Could you be more specific,

> consider a type `T` and an inductively defined proposition `P : T -> Prop`. theorem `foo : forall (t : T), P t -> Q t` is proved by doing an induction on `t` and then `P t`.

Most of the time, if you proceed by induction on "t", then you cannot proceed by induction on "P t" afterwards because "t" is not

a freely evolving variable anymore in "P t". Maybe you use inversion ?

Best,

Dominique

---

De: "Jason -Zhong Sheng- Hu" <fdhzs2010 AT hotmail.com>
À: "coq-club" <coq-club AT inria.fr>
Envoyé: Jeudi 21 Mars 2019 21:50:55
Objet: [Coq-Club] How to organize this tricky proof?

Hi,

consider a type `T` and an inductively defined proposition `P : T -> Prop`. theorem `foo : forall (t : T), P t -> Q t` is proved by doing an induction on `t` and then `P t`.
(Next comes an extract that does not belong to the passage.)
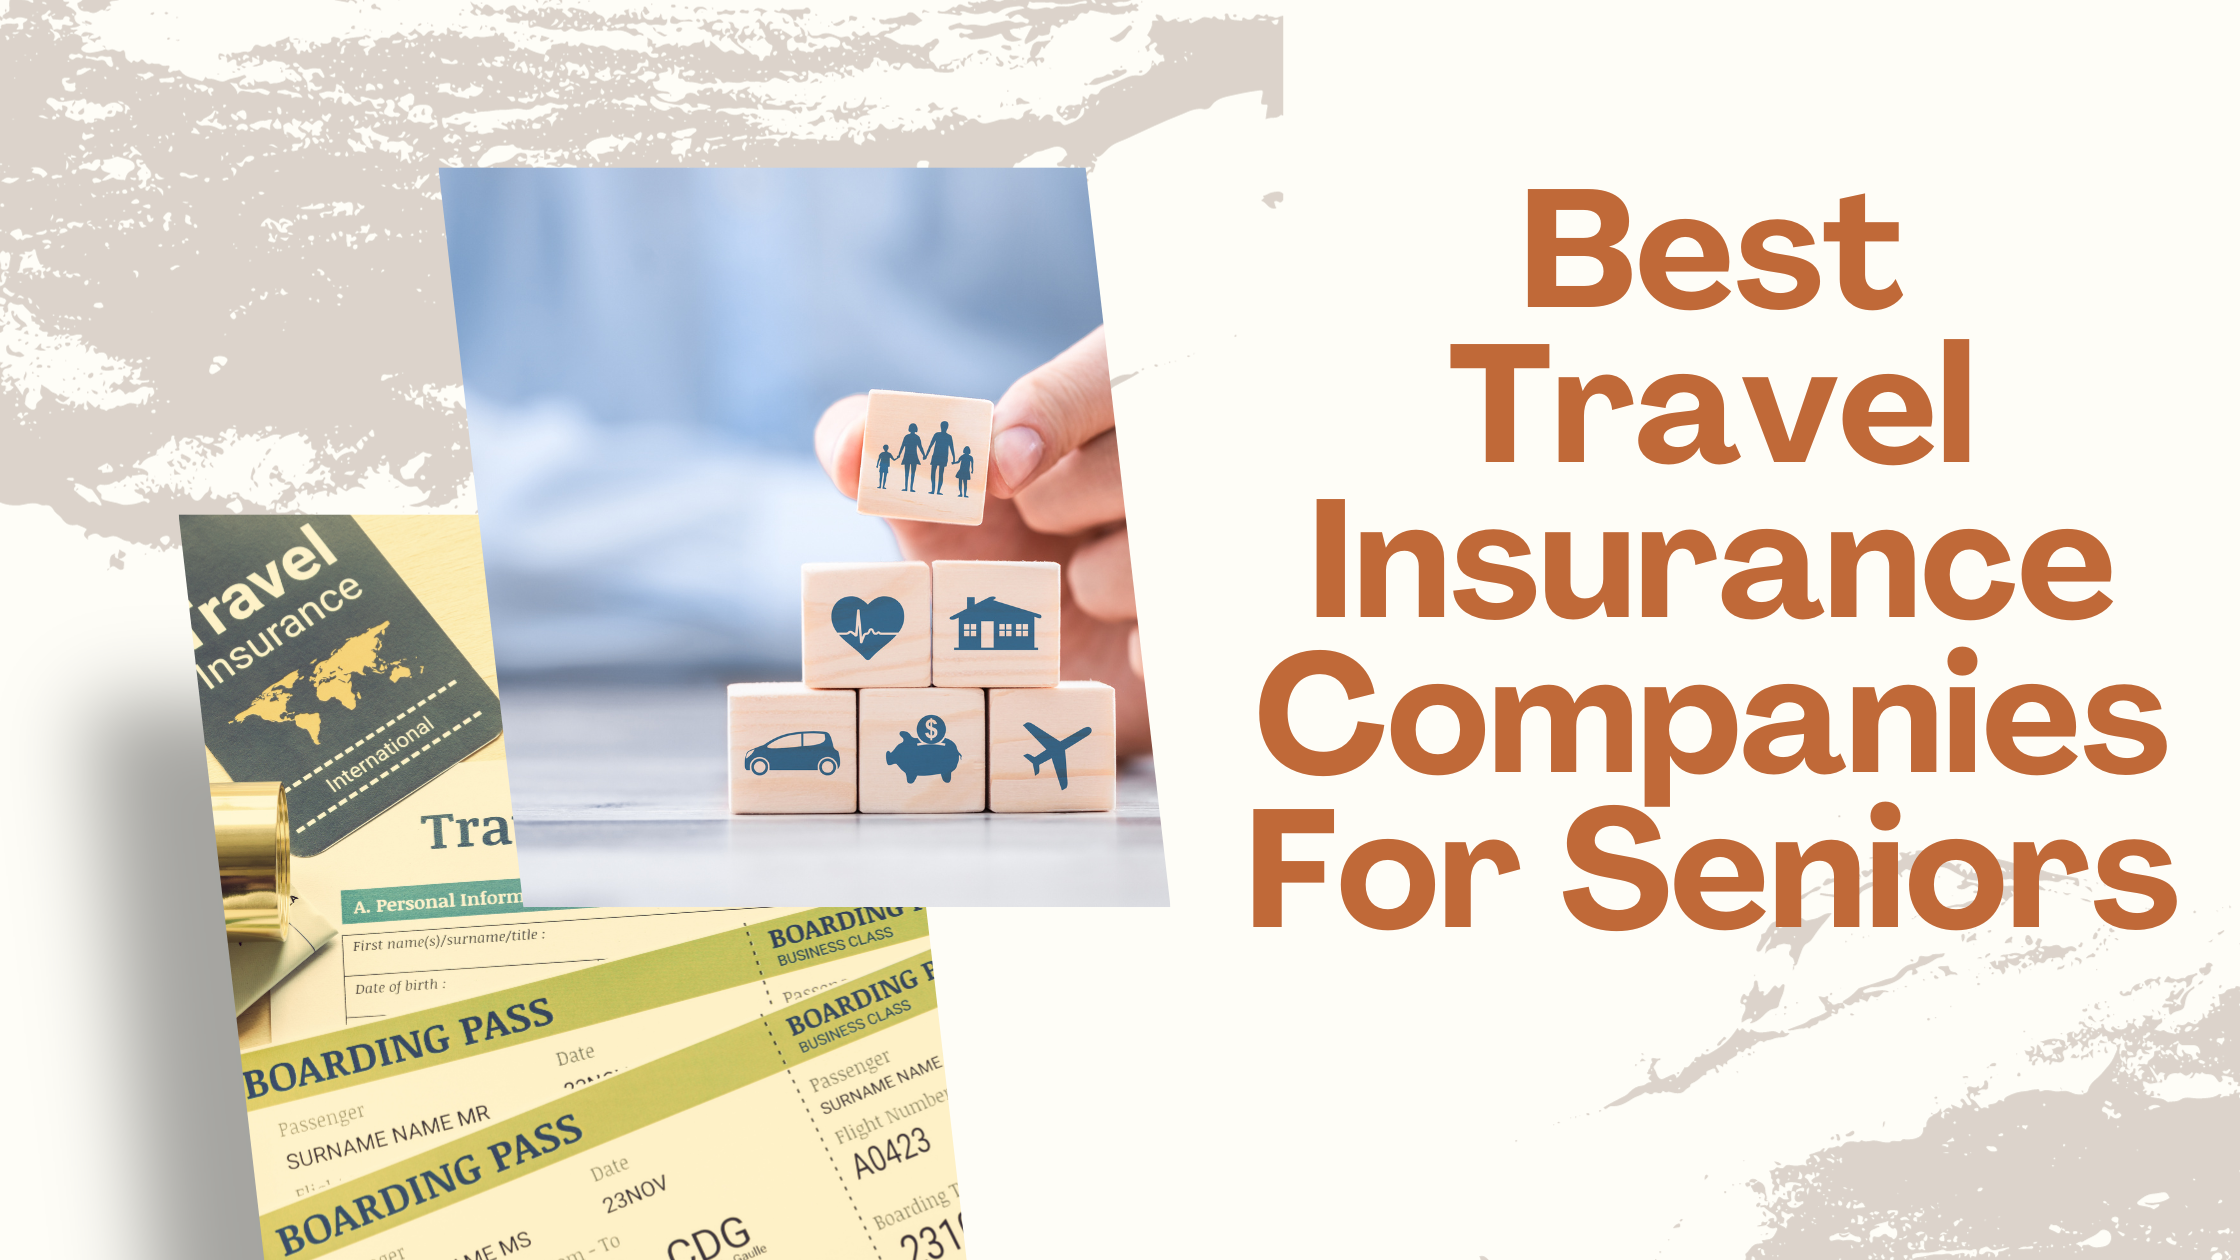 12 Best Travel Insurance Companies For Seniors

however, inside of `foo`, in each case of `t`, I will need another theorem `bar : forall (t : T), P t -> R t`, which is proved by induction on `P t` and some cases require `foo`.

since `bar` always operate on smaller `P t` instances, so these two theorems are true, but just mutually dependent.

my problem is, I am not sure how to organize this proof to make it shorter. clearly, I can prove `bar` for each particular `t` but it pointlessly adds so much more identical proofs. On the other hand, `foo` and `bar` are not structurally mutually recursive either, because `foo` decreases on `T` while `bar` decreases on `P t`, which stops me from using Fixpoint.

Is there any way to organize the proof, so that I only need to prove `foo` and `bar` once?

Sincerely Yours,

Jason Hu